An advanced, LLM-controlled power grid simulation system integrating electrical power flow analysis, traffic management, electric vehicle simulation, and Vehicle-to-Grid (V2G) energy trading. Built for Manhattan's power infrastructure with AI-driven scenario orchestration, natural language control, and realistic time-of-day simulations.

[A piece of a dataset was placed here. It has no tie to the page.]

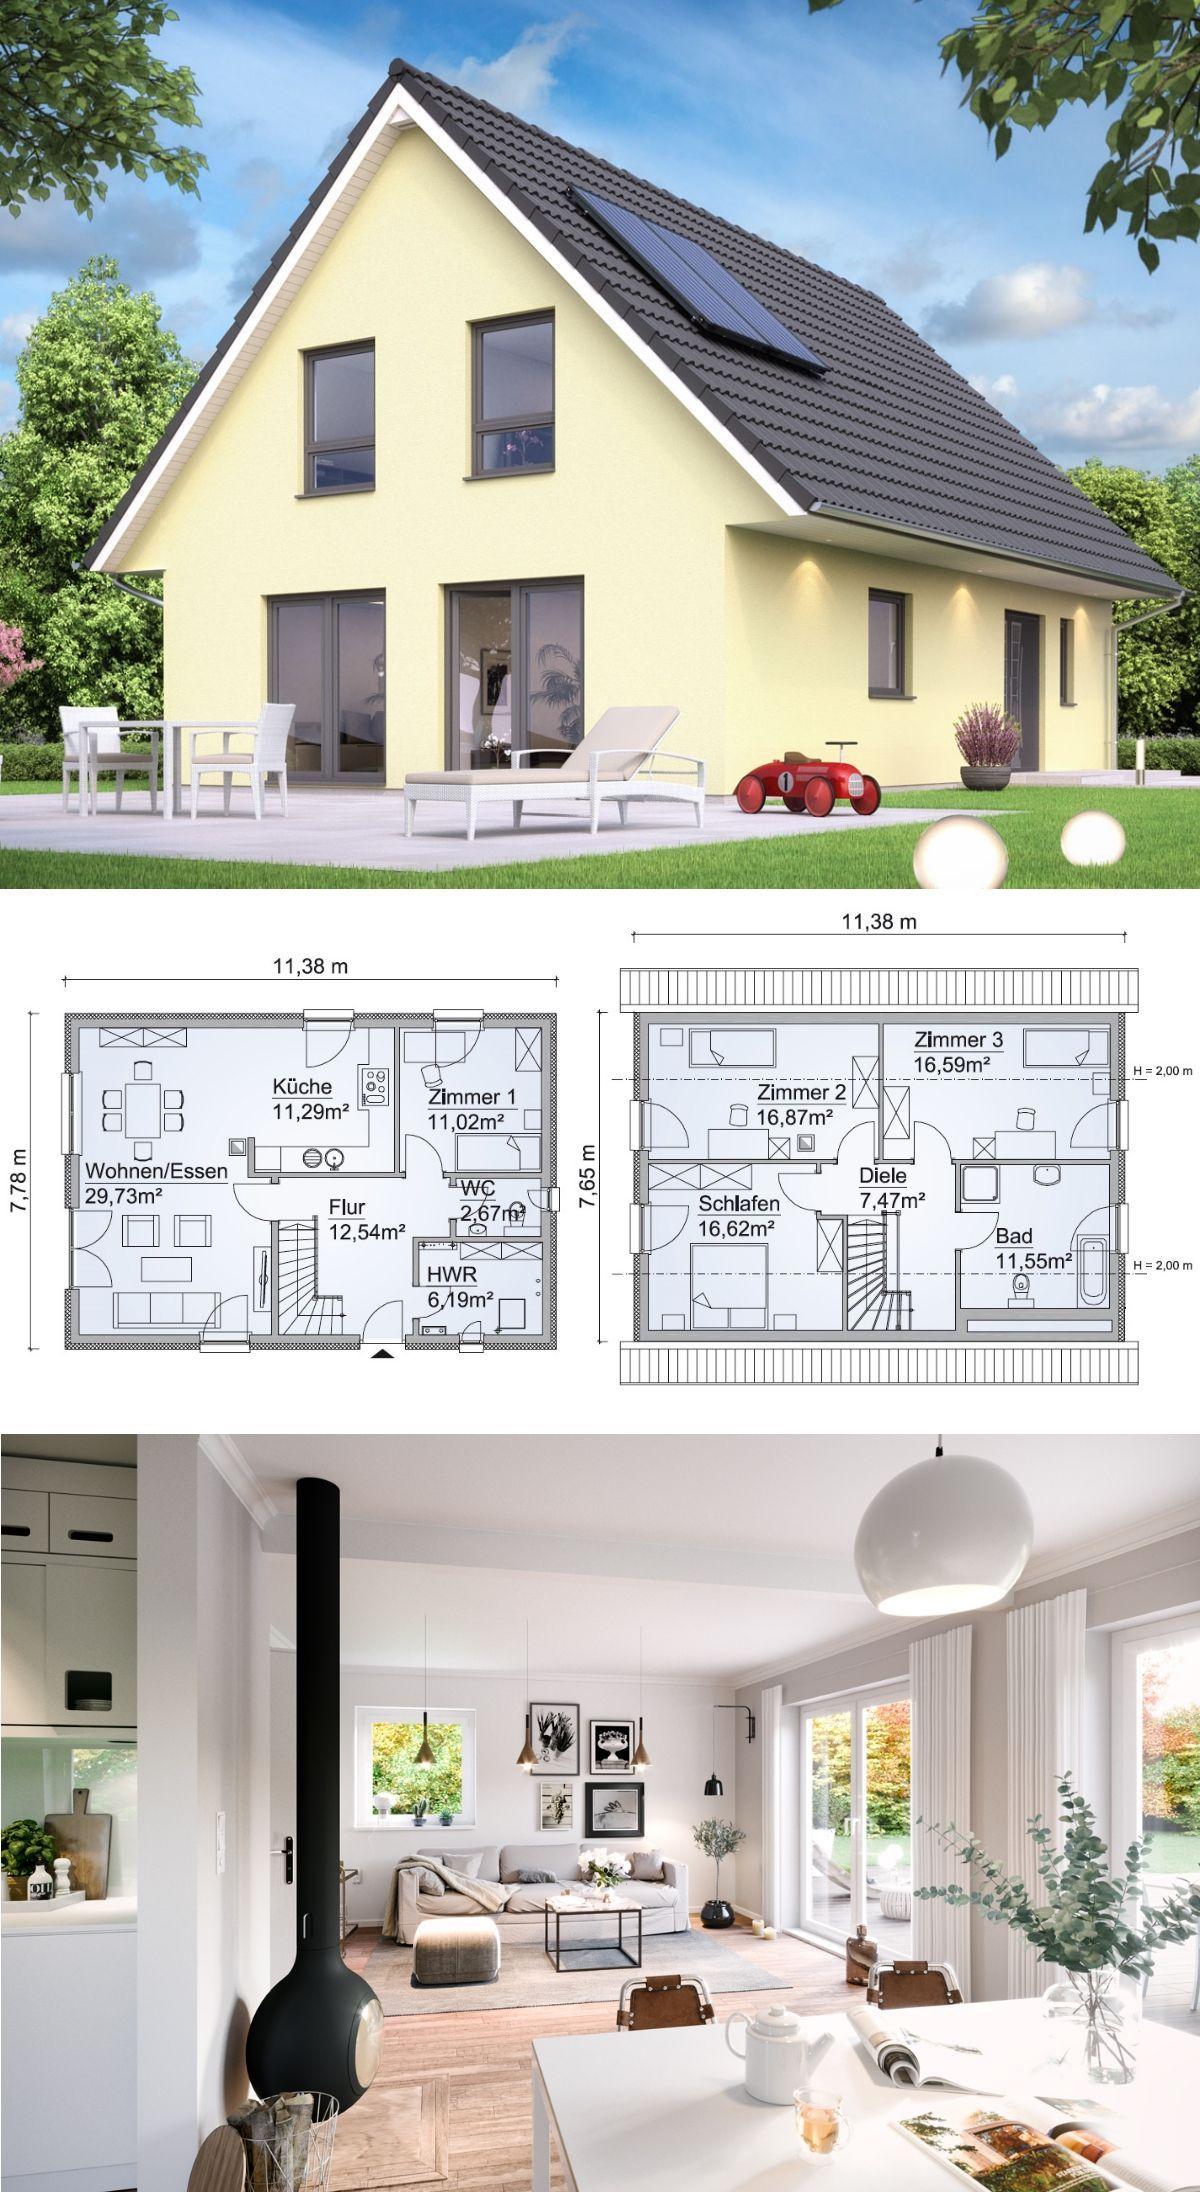 Modernes einfamilienhaus klassisch mit satteldach for Architektur klassisch

🚀 What's New: Unlike traditional grid simulators, this system features LLM-to-Map commands allowing natural language control of the entire simulation, dynamic rush hour scenarios with time-based vehicle patterns, weather integration, and AI-orchestrated time progression.
This project extends the base SumoXPypsa framework with groundbreaking LLM integration that brings unprecedented control and realism:
| Feature | Base SumoXPypsa | This Project (LLM Enhanced) |
|---|---|---|
| Control Interface | Manual API calls | Natural language commands via AI |
| Traffic Patterns | Static vehicle count | Dynamic, time-based vehicle scaling |
| Scenarios | Basic failure testing | Rush hour, weather, time-of-day orchestration |
| Load Modeling | Fixed loads | Temperature-sensitive, time-varying loads |
| System Integration | Separate components | AI-orchestrated unified scenarios |
| User Experience | Technical commands | Conversational, intelligent control |
Example: Instead of making multiple API calls to configure a morning rush hour scenario, simply tell the AI: "Simulate morning rush hour with hot weather" and watch the system intelligently configure vehicles, loads, temperature, and traffic patterns.
- Natural Language Commands: Control the entire system through conversational AI
- "Set time to rush hour and increase temperature to 95°F"
- "Show me morning traffic with 200 vehicles"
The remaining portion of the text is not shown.